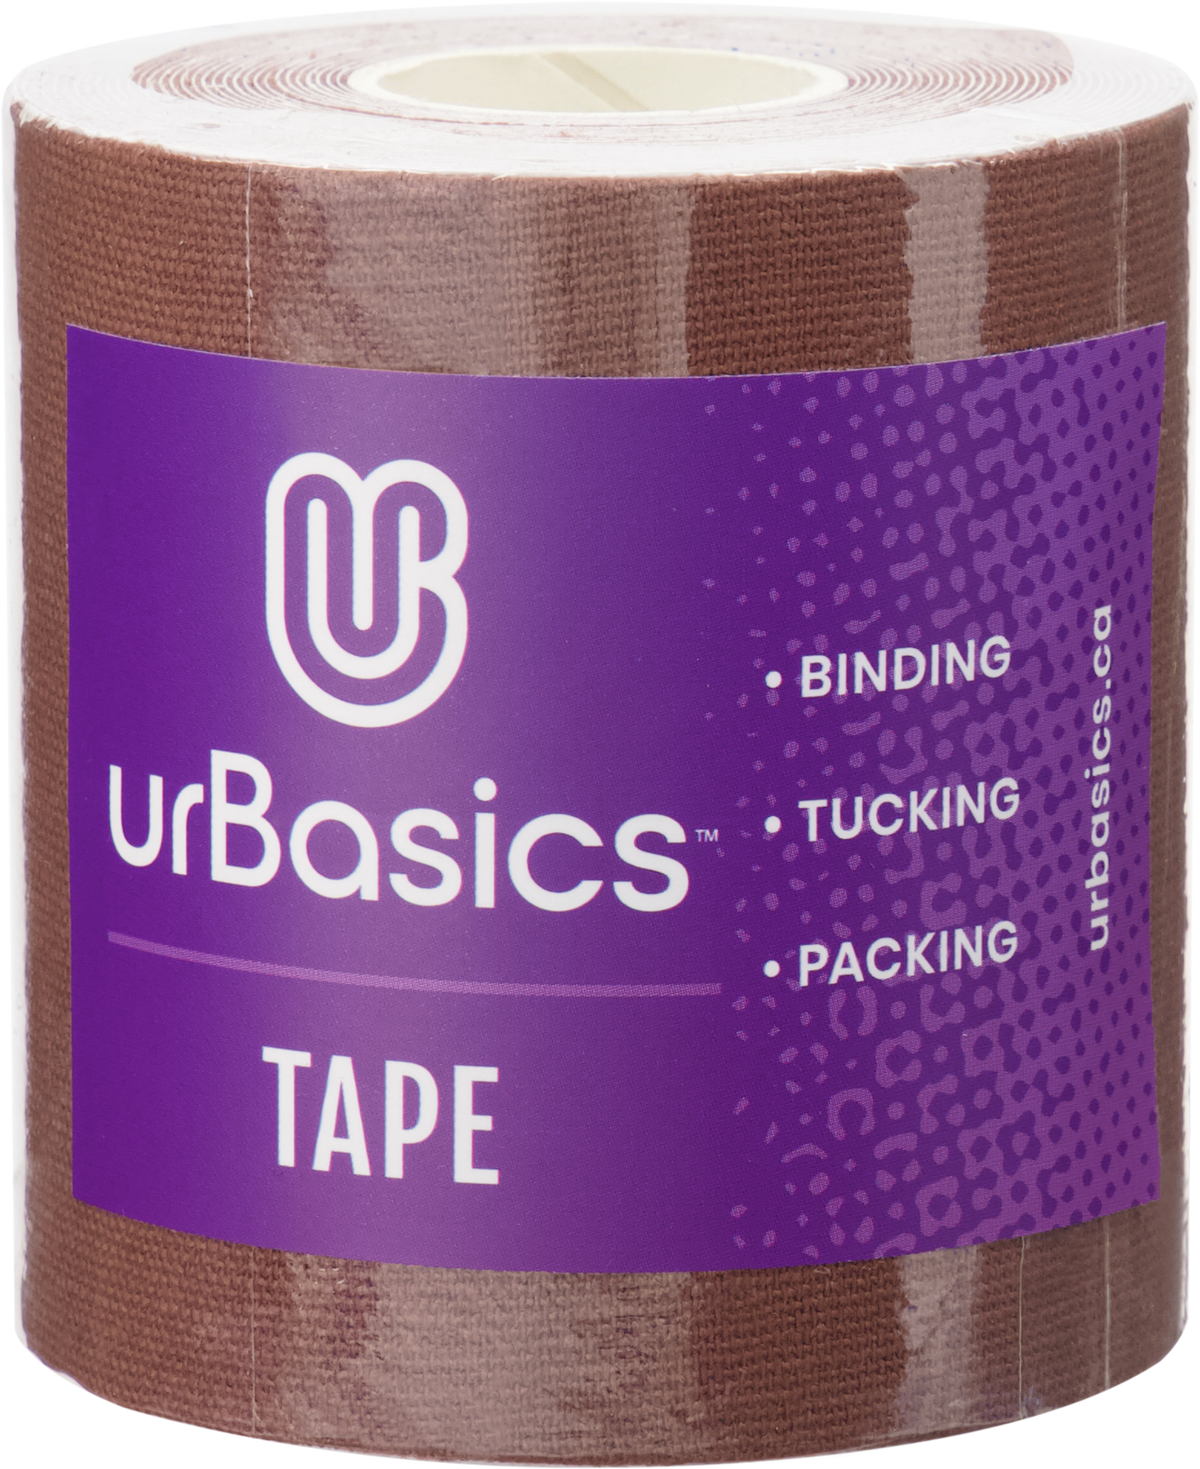 Binding / Packing / Tucking - Tape
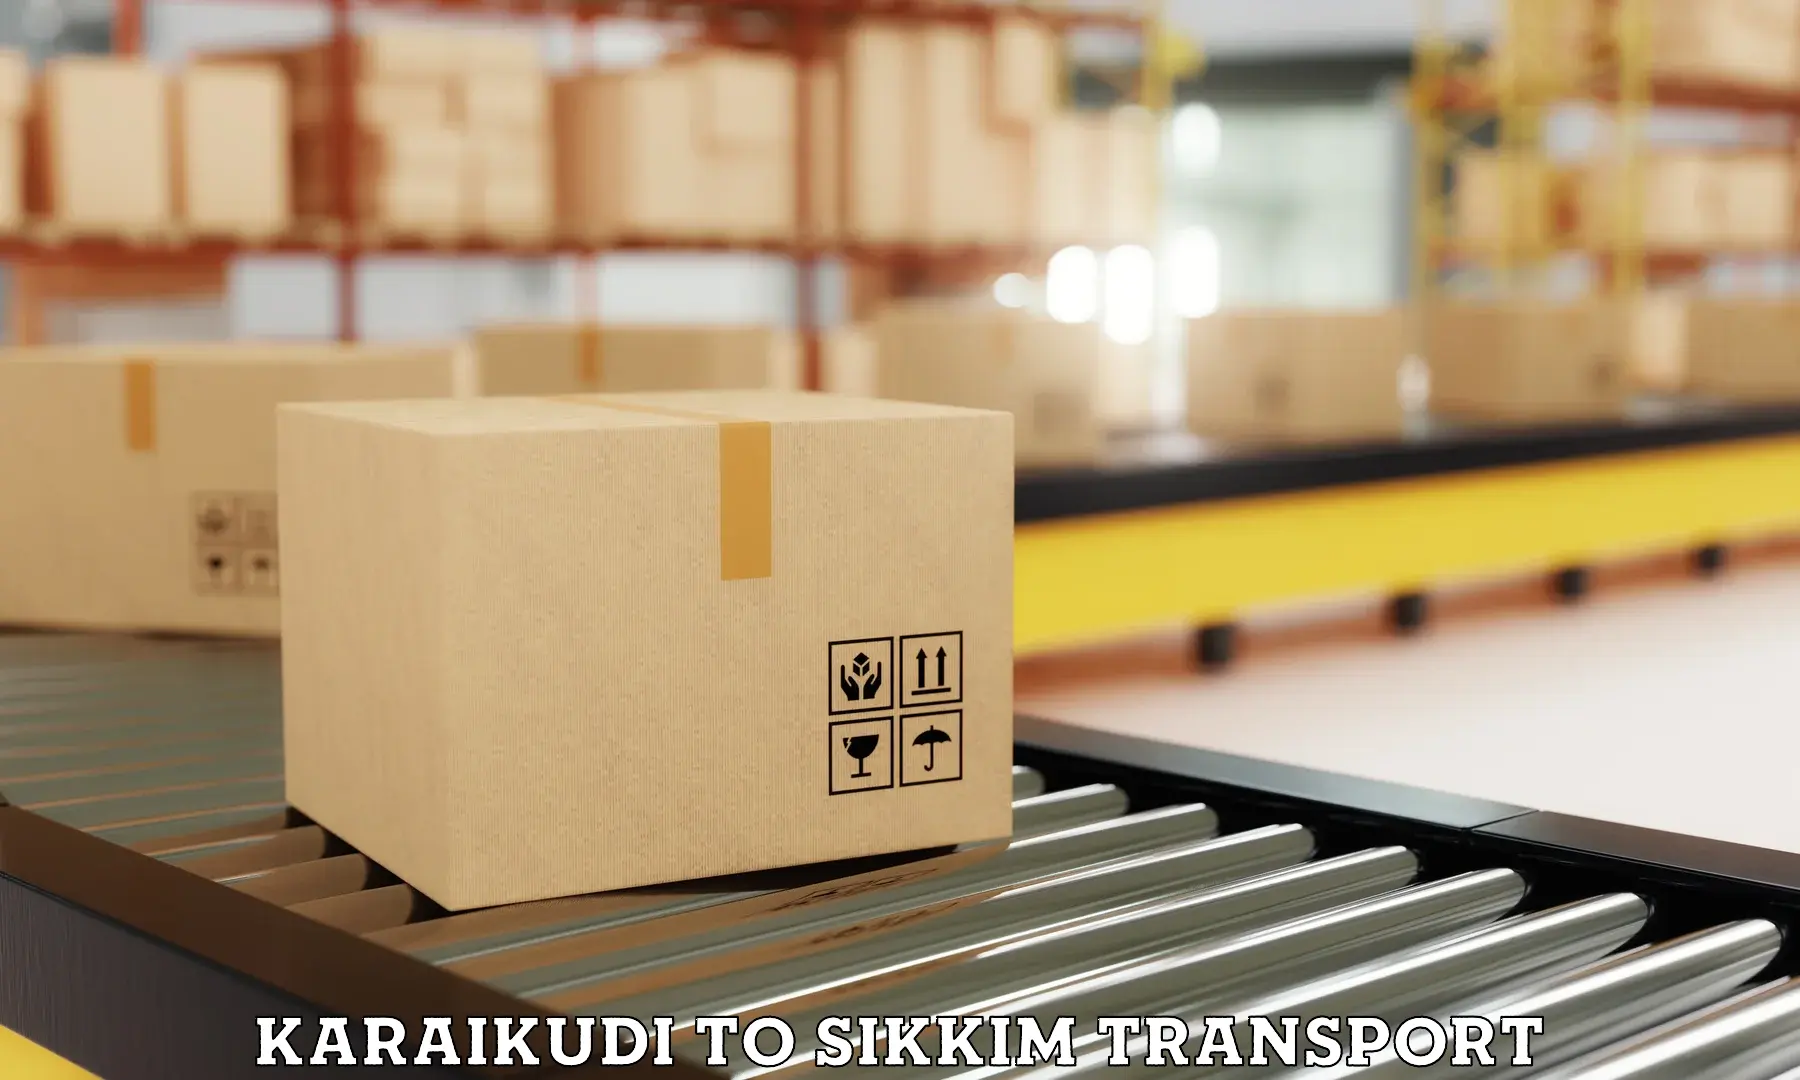 Container transport service Karaikudi to Namchi
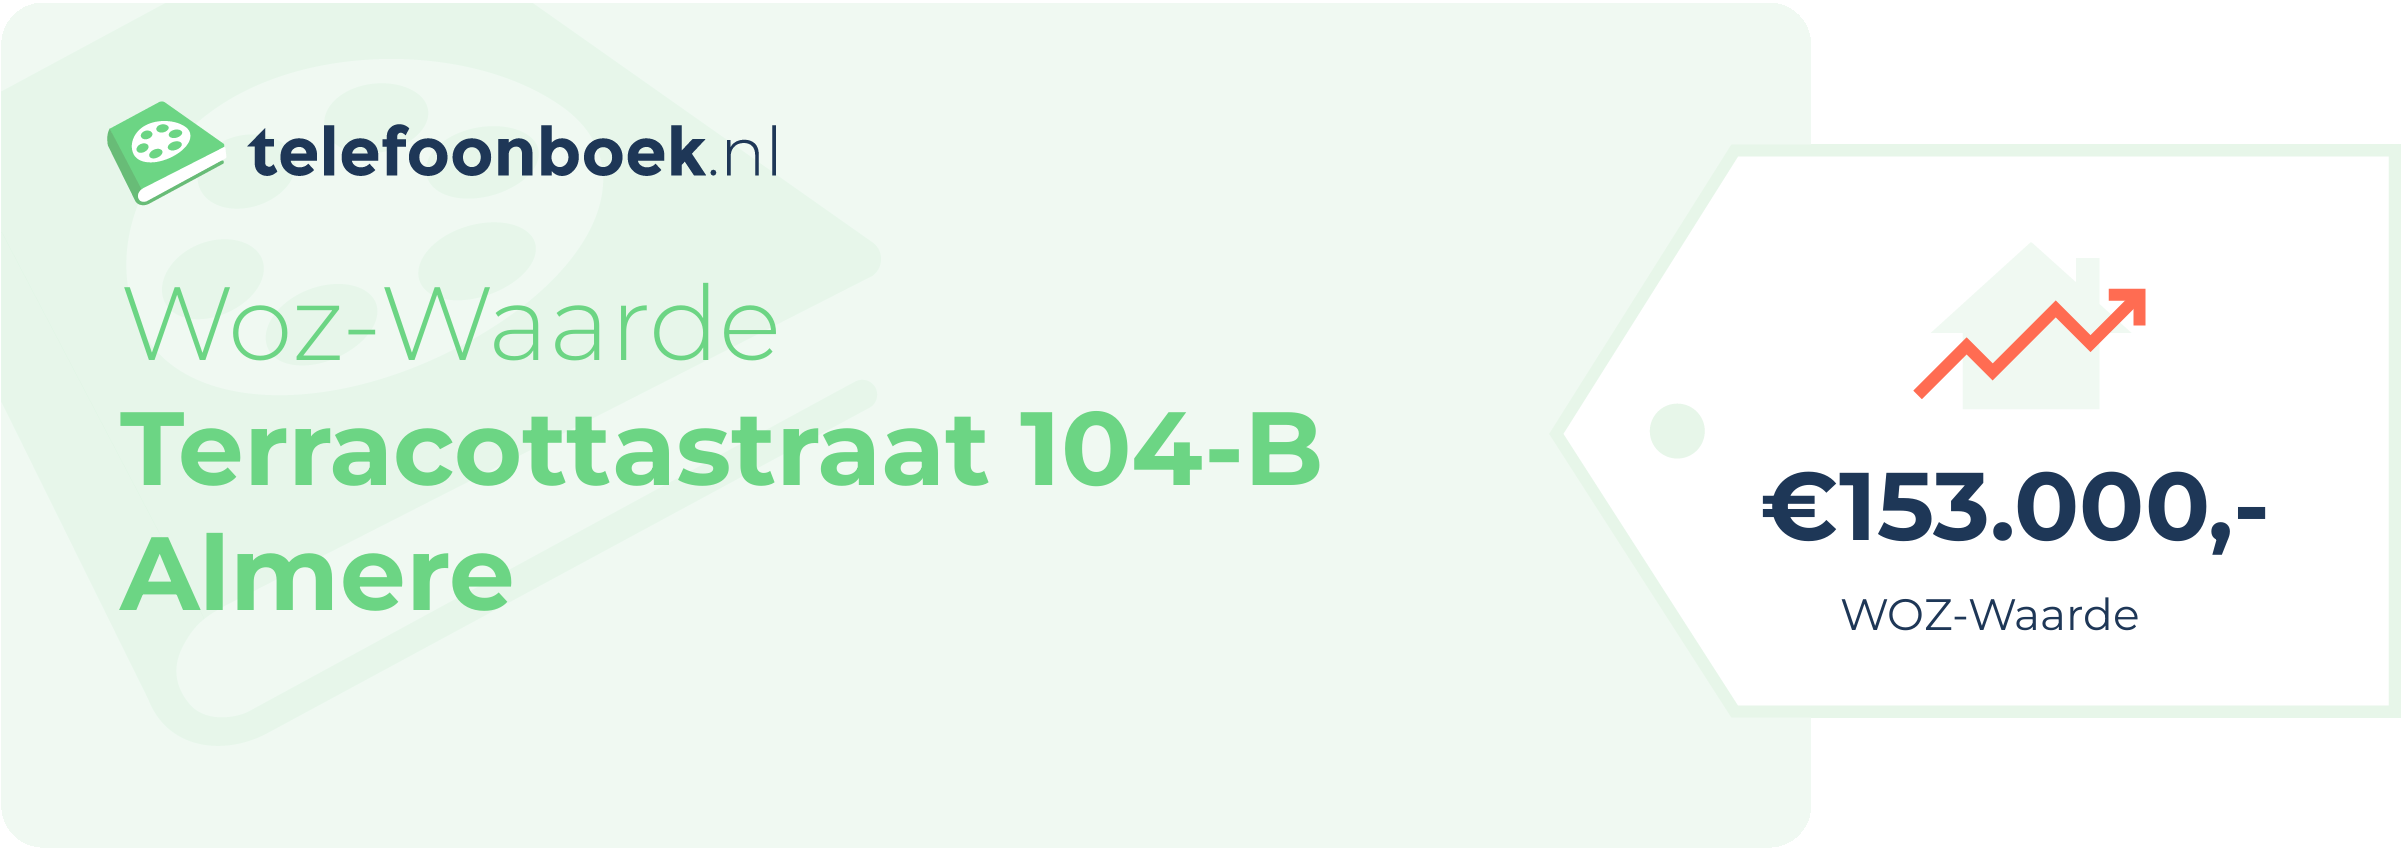 WOZ-waarde Terracottastraat 104-B Almere
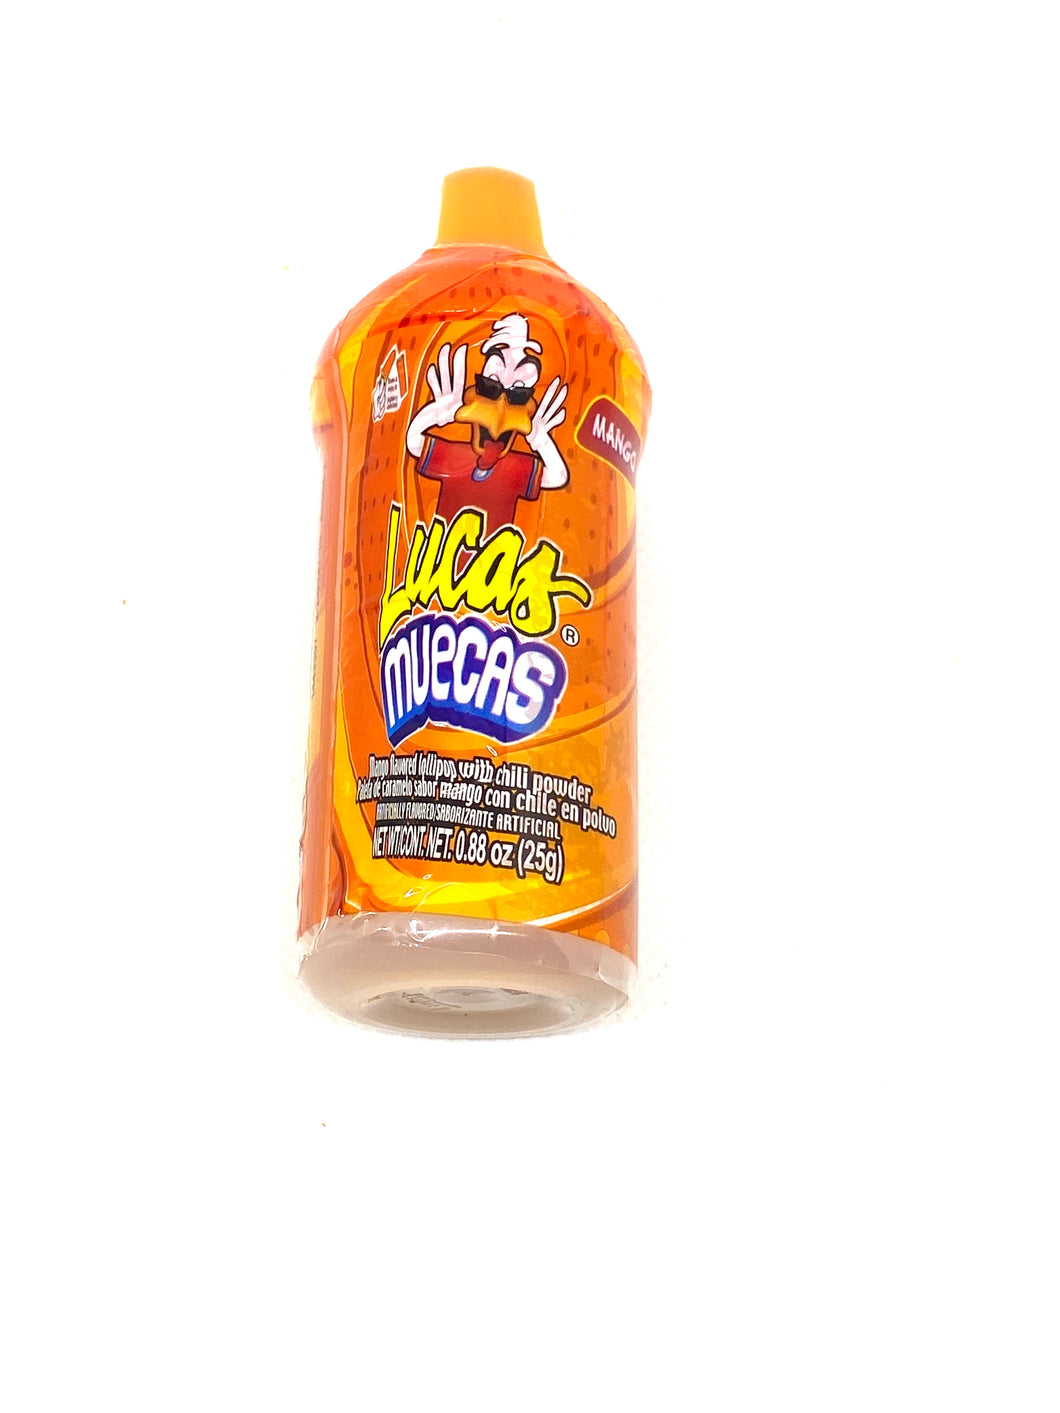 Lucas muecas orange is mango flavor
**********
Starting with the line that contains "WOZ-waarde Terracottastraat 104-B Almere", print every line through the end of the data exactly as written; omit all pictures and add nothing else.

 WOZ-waarde Terracottastraat 104-B Almere
 Lucas muecas orange is mango flavor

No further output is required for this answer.